Un biopic, si l'on ne prête pas le moindre intérêt pour son sujet dès le départ, cela peut s'avérer plus que compliqué. D'autant, lorsque ce sont des réalisateurs inconnus au bataillon qui se collent à la tâche, dont le rendu inspire plus le produit de relance de ventes musicales qu'un véritable objet de cinéma (qui se souvient par exemple du terne Get On Up et sur le plan cinématographique, de l'insignifiant Respect sur deux sujets pourtant passionnants ?).
Si Presley n'était pas le sujet le plus adéquat à attirer une certaine branche du public (en témoigne, quelques passages où la bande-son RnB se fait entendre, et aboutissant sur un rap nous faisant en quelque sorte revenir à la réalité), l'annonce de Baz Luhrmann à la tête du projet avait de quoi titiller la curiosité des plus réfractaires. Force est d'avouer que le pari est relevé.
Premier parti-pris qui séduit l'assidu de cinéma narratif que je suis, le choix de s'être basé sur un témoignage de personnage réel pour la construction du récit. J'ai évidemment songé à ce même choix employé dans La Môme, en moins décousu et plus chaleureux, tout en supposant que c'est davantage vers le format d'Amadeus que Luhrmann s'est tourné, les deux ouvrant sur les paroles du personnage le plus proche du sujet vis-à-vis de la dispartion de ce dernier, pour aboutir à deux formes distinctes de réconciliation implicite. Cette perspective de nous montrer l'Histoire sous un angle précis, si elle peine à se déployer à des moments où il aurait été pertinent, est le meilleur biais qui soit pour contourner l'écueil de la paraphrase de Wikipédia.
Rien de bien nouveau pour qui connaît le cinéaste, puisque c'est justement la question du point de vue qui permet de conserver l'aspect théâtral qui lui est si cher. Tout en restant en marge de la tentation du biopic leste comme il en sort une poignée par an, "Elvis" tutoie aisément le tourbillon musical offert par Luhrmann avec Moulin Rouge! en même temps qu'un zeste de l'austérité d'un Gatsby.
Inutile de dire que le film est porté sur les épaules des excellents Tom Hanks et Austin Butler, dont l'énergie flambe avec endurance toute longueur au cours de ces 160 minutes. Vocalement et physiquement sa prestation est bluffante, joli morceau pour un petit trentenaire qui ne s'est alors illustré que dans une poignée de séries en vogue.
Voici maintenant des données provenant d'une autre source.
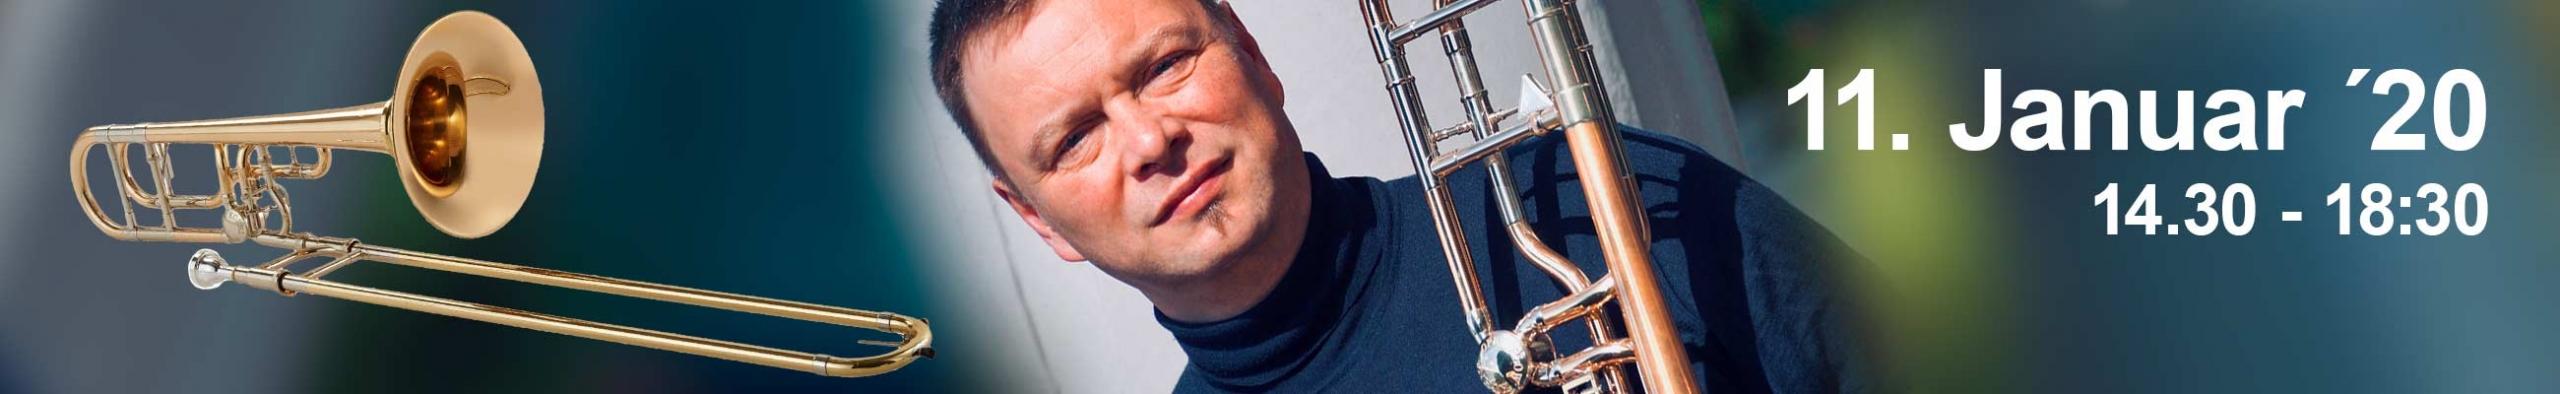 Edgar Manyak Workshop im Musikhaus Beck
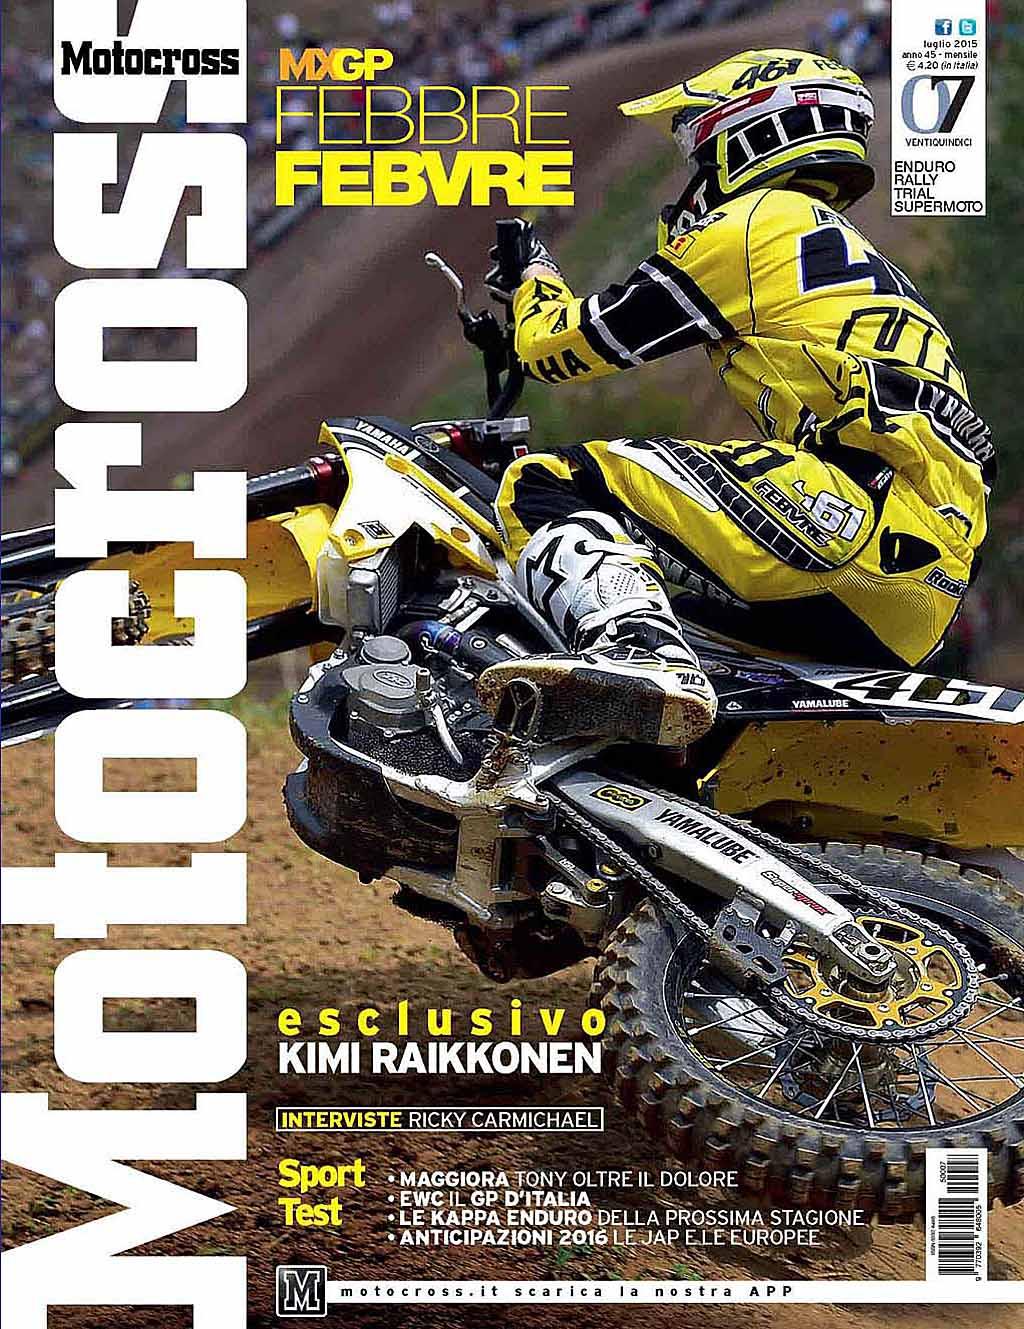 Motocross Luglio 2015
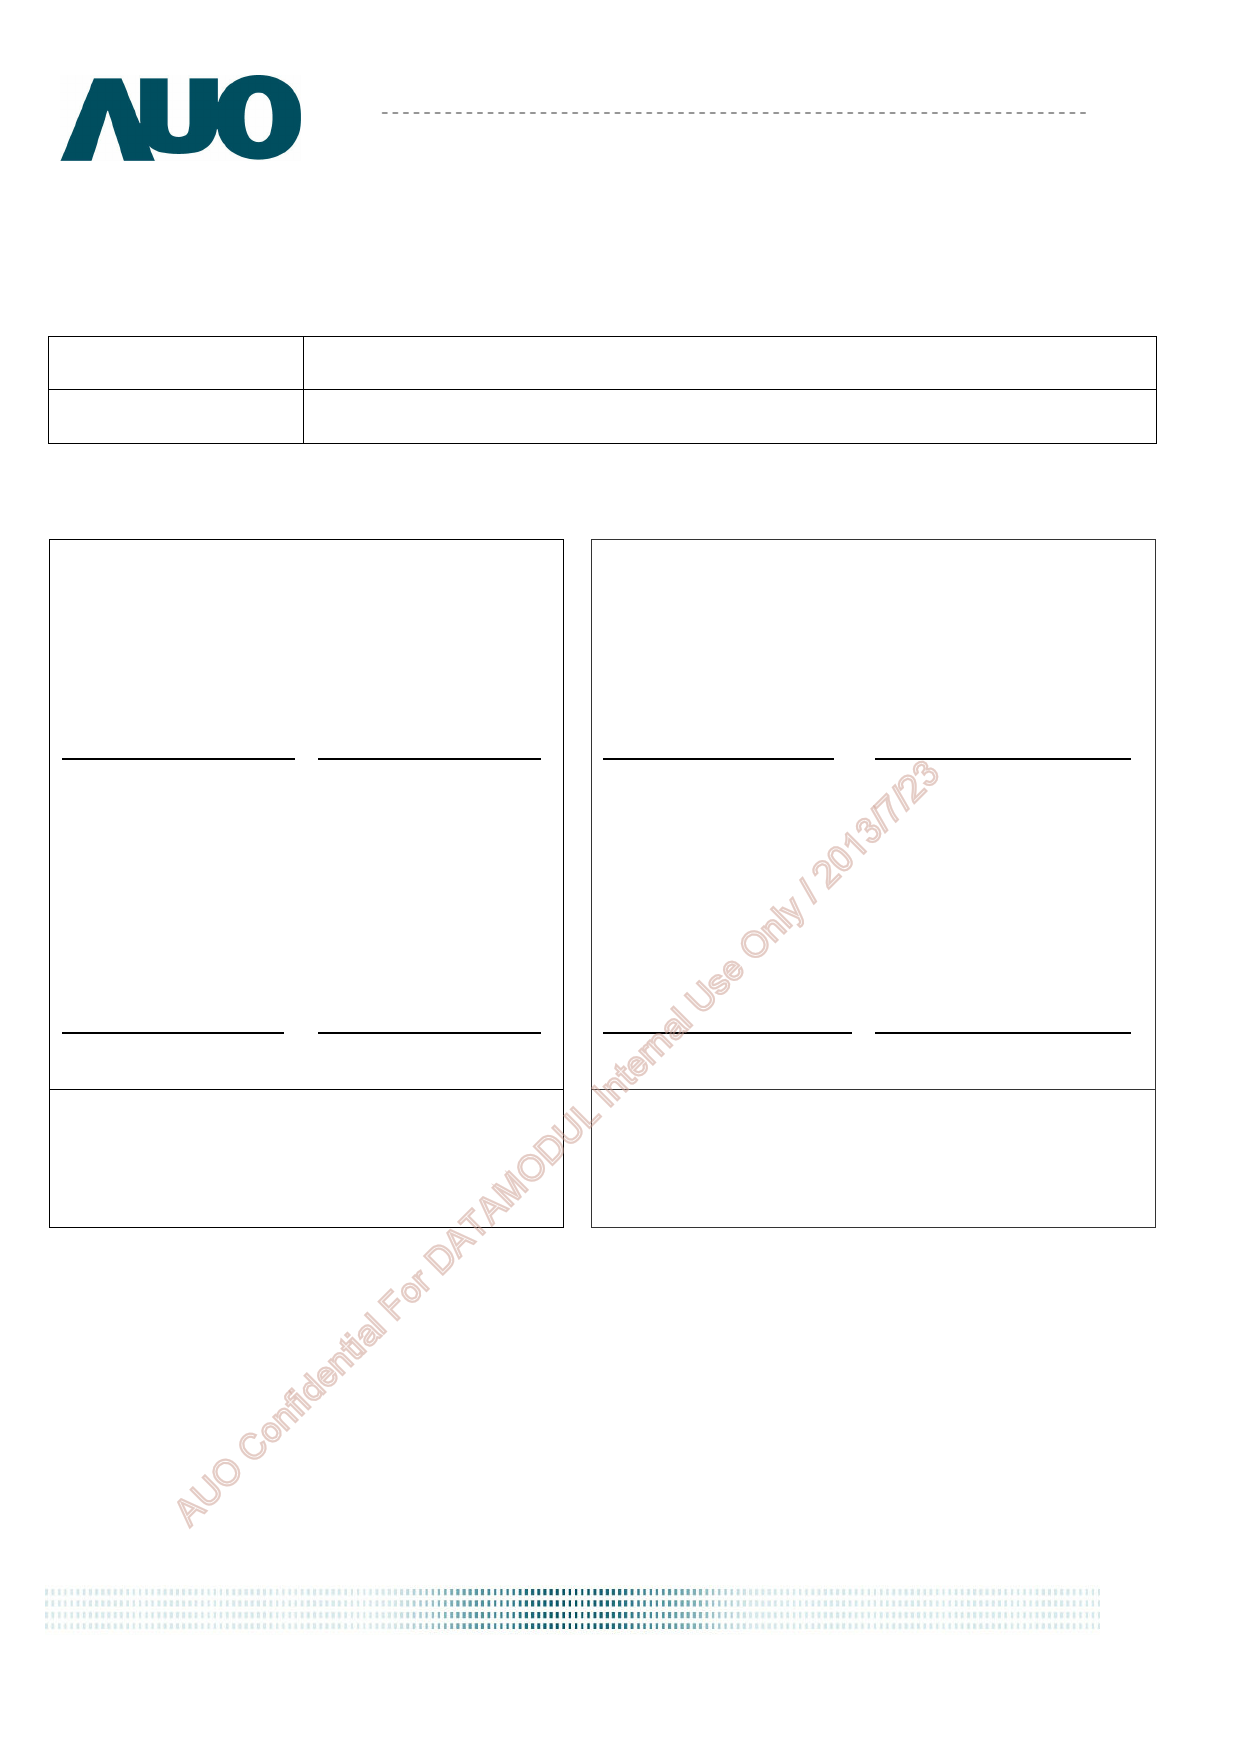 G057QN01-V2 Datasheet, G057QN01-V2 PDF,ピン配置, 機能

Elvis brille aussi par son absence de superlatifs et de numéros musicaux à rallonge, optant plutôt pour un bel équilibre entre la reproduction des prestations scéniques du chanteur qui ont fait tant de ravages en leur temps et les séquences développant la relation Parker/Presley. Celles-ci construisent le récit sous un classique format ascension plus décadence en partant de l'amitié entre l'artiste et l'imprésario, qui tournera assez vite vers une rude histoire commerciale. On ne se contente pas, encore heureux, de diaboliser Tom Parker, le film est plus malin que cela.
Sur son lit de mort il confesse, et quiconque sera apte à croire ou douter de son honnêteté, surtout quant au monologue final qui clarifie nos croyances quant au traitement réservé à l'amour tout le long.
Réussissant à contourner les facilités du genre, Elvis, en dépit de sa trame classique, n'est pas qu'un bête produit académique mais un spectacle qualitativement respectable. Il ne manque pas d'idées, ni de rythme, peut-être juste qu'un zeste d'émotion supplémentaire aurait été le bienvenu atteindre le point culminant. En outre, Cannes ne s'est pas gouré en le projetant hors-compét, décidément riche en grands moments de fraîcheur cette année.